Heather Christle, “Pursuits”

Pursuits (from Poetry)
Heather Christle

It is not that you want
to be the one to make prints
in the untrampled snow
It is that you want
to be in the snow
without having touched it
to be of the snow
not beginning
Everywhere commerce
dictates the shapes
that move you along
that seat you at the table
far from the snow
far from the act
of not touching
It only gets worse
A girl’s gotta eat
And your hunger’s
not even your own

Comment:

While this poem is very, very good, I do wish it had a less colloquial tone. For me, the issue it raises runs deep. We’ve been taught for so long that want of control and pride are linked. But what of wanting innocence, purity?

The poem starts with a playful image – yeah, we frolic in the snow. Then it suddenly moves to an existential comment. The audience is told they “want to be in the snow / without having touched it / to be of the snow / not beginning.” One might think the playful tone is out of line at this moment, but it reinforces that if we want innocence and purity we at least have to start with simple, childlike pleasures. “Not beginning” is a strange want of ours, but I think it has to do with how a state of innocence does not progress. Our desires are their own fulfillment.

To be sure, this makes the image presented very, very strange. We are not talking about someone being snow simply. If there ever was an image associated with becoming – coming-into-being and perishing – it sure as hell is “snow.” And yet, look at our speaker’s language to this point: “to be in the snow;” “to be of the snow.” Somehow, the snow is supposed to hold us – we are supposed to be in it – and we are supposed to be composed of it, and the two are one and still two. That’s how, on a basic level, desire gets its fulfillment immediately. That’s how “snow” is a kind of being; it is cheating, but the speaker is hinting that if it has an identity, then it is. It is pure, after all – it must be something more than all those impure things out there.

It is not hard to notice that this is a ridiculous state of affairs, and the outstanding question is why we ever desired it. The problem of desire is that of control. “Commerce” gives us “shapes” that move us; we have to be seated at the table. The world feels like a conspiracy of our and others’ desires, and we’re not simply stuck in it. We’re unfree to the point where we cannot recognize ourselves; we’re moving, eating machines. At the same time, it is impossible to talk about the human being itself without reference to something. Thus, snow: that which mirrors us in being so easily impacted.

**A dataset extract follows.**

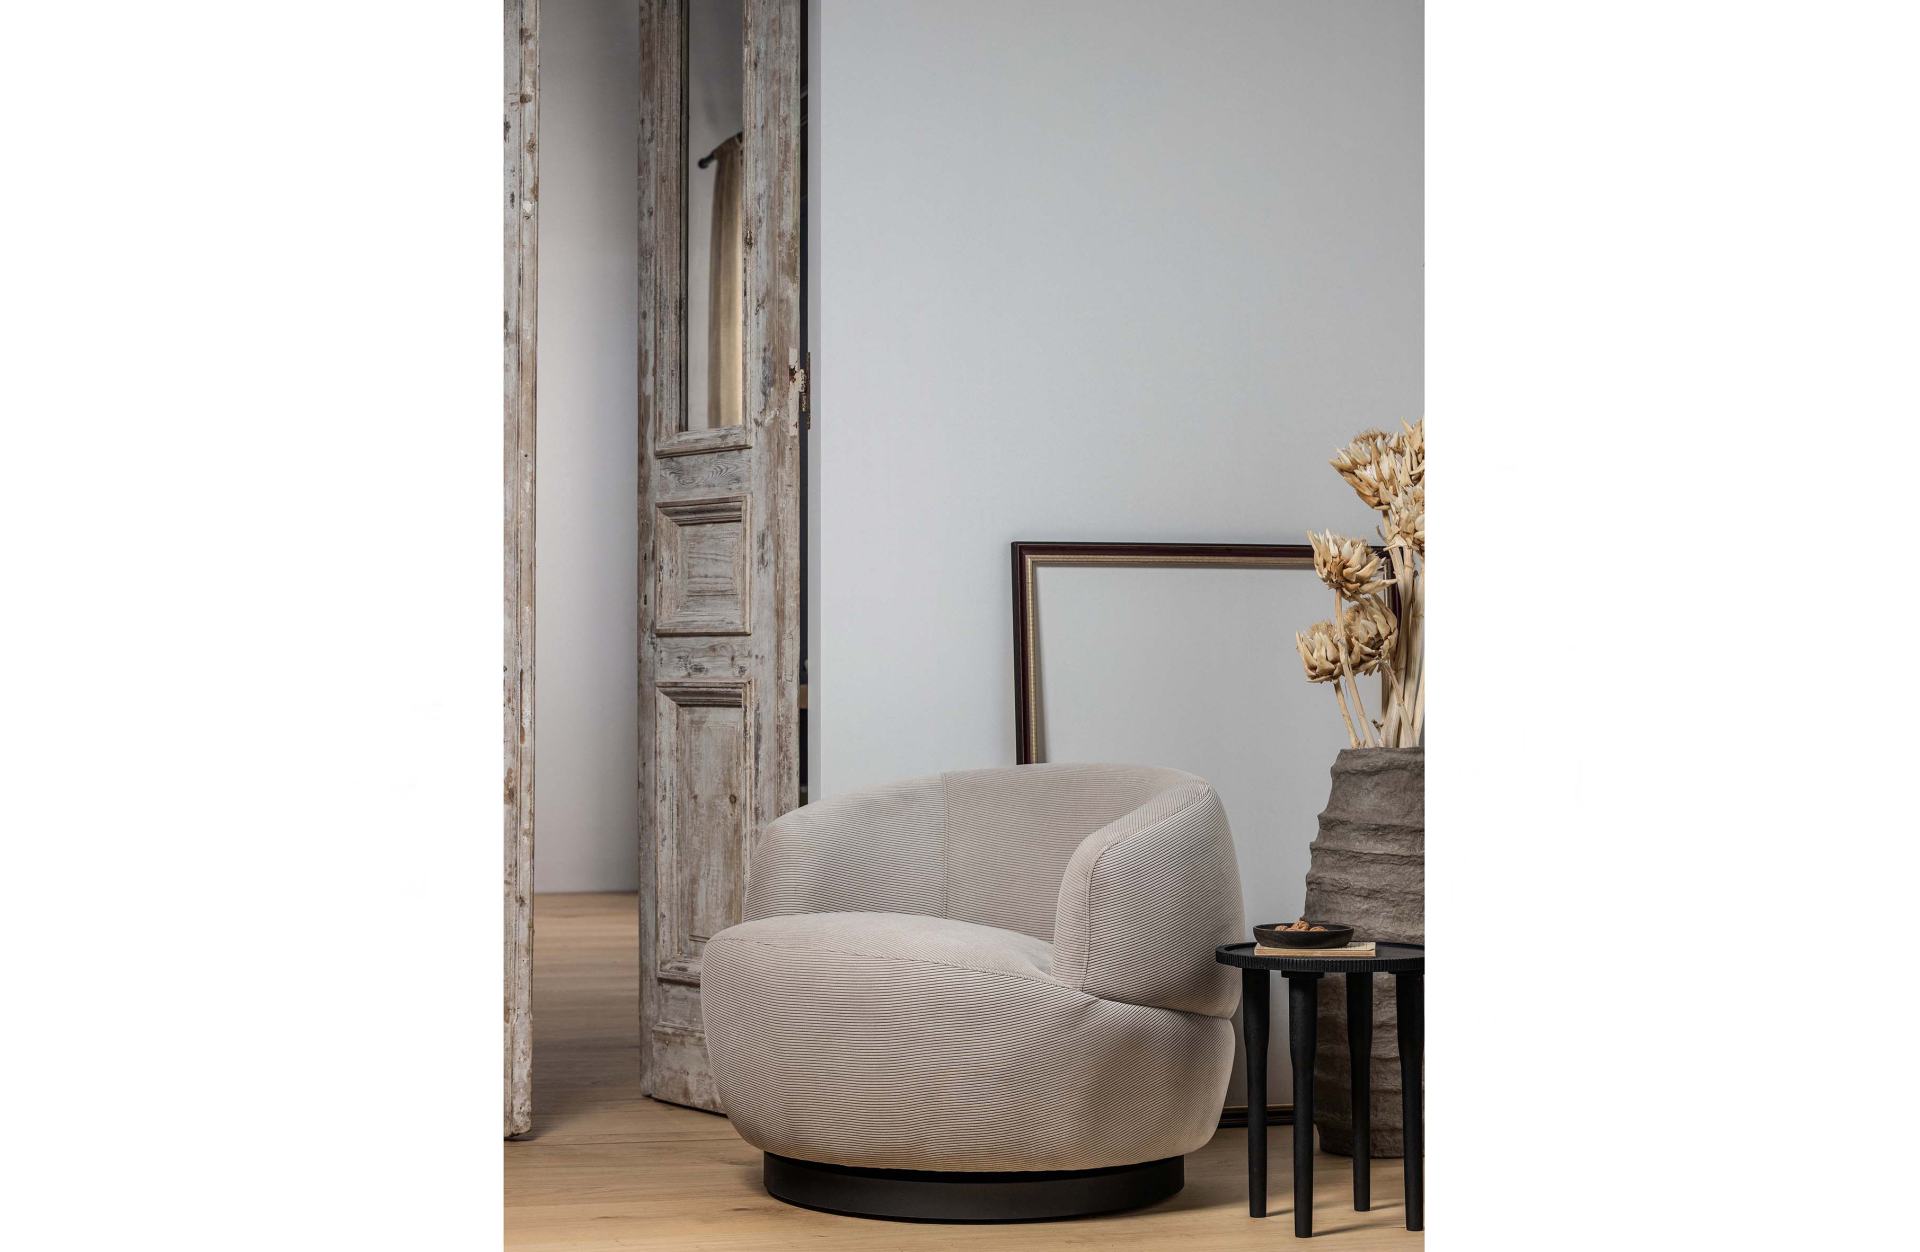 Der Sessel Woolly überzeugt mit seinem moderndem Design. Gefertigt wurde er aus Rib-Cord, welches einen Beige Farbton besitzt. Das Gestell ist aus Metall und besitzt eine Drehfunktion, außerdem ist es in einer schwarzen Farbe. Die Sitzhöhe beträgt 46 cm.

The poem is logical but the logic is nonsensical. This is intentional, as there’s a moral to be had. We started with hating how we’re dictated to by one desire or the other. This moved us to the wish to be “in” and “of” snow. That wish is more problematic than being ridiculous – the thought stems too directly from the rejection of desire. One can say the rejection of desire is also a desire. There’s more, though. “Your hunger’s not even your own” speaks volumes: do we really want to be? As we’ve discussed before, the heart of Greek piety for the tragedians was that it was better not to have been born at all. Our very want of an identity is conditioned by what’s around us, what’s higher and lower. In a weird way, our want to be of and in snow is confirmed. Snow just “is” in the sense it is wholly passive. A certain stillness in this life, regardless of what desire screams and control seeks, isn’t a bad thing.